Code that believes once you successfully create a file by a given name, that when you run ls or readdir on its enclosing directory,
you'll actually find that file with the name you created it under is
buggy, broken, and wrong. Stop being surprised by this!
When does this happen and what to do about it?
The first example which comes to my mind: If you create a file under OSX that is named é (single U+00E9 codepoint), the OS will store it actually as U+0065 U+0301 (Unicode decomposition). The file will be still accessible under the original name, but listed as decomposed.
How to avoid: don't lookup your files manually unless you are sure their names are pure ASCII.
Second: On Windows, if you have a file called e, try creating (with overwriting enabled) a file called E, the OS will still list a file called e. If e didn't exists beforehand, a file called E would be created.

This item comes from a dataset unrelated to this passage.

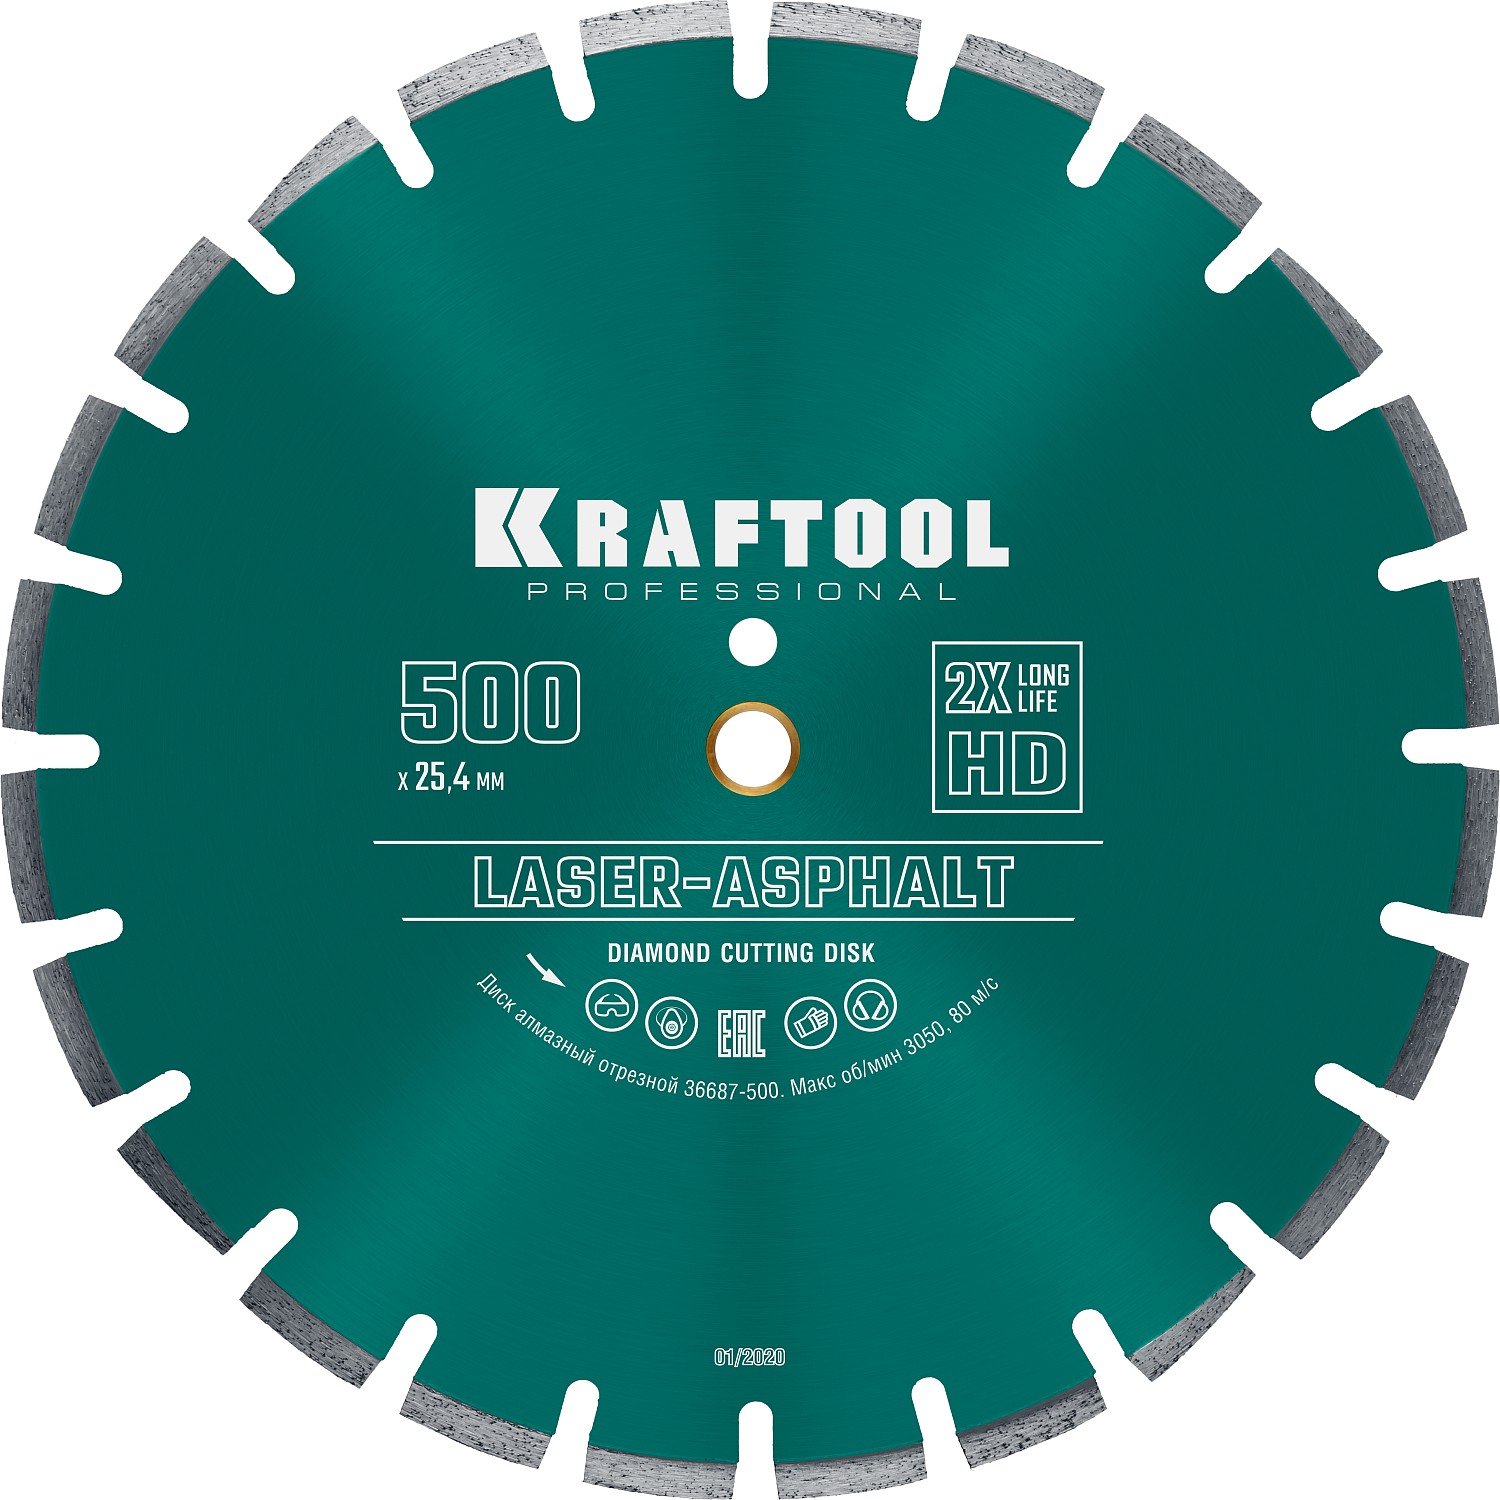 KRAFTOOL LASER-ASPHALT 500 ,      (50025.4 20 , 104.5 ), (36687-500)

How to avoid: don't lookup your files manually unless you are sure their names are pure ASCII, and take case into account. Try using a consistent capitalisation style. I suggest going all lowercase.
Third: on Windows, if for example you have Windows 1250 as your system encoding, and you want to create a file named ê via the narrow, char-based API, a file called e will be created instead. This of course is easy to avoid, but this exact problem bit me once: WinRAR extracted files ê.png, è.png and e.png all into e.png, overwriting data. Similar problems can happen with other encoding mixups, too.
How to avoid: don't use API's that take the filename as a char* on Windows.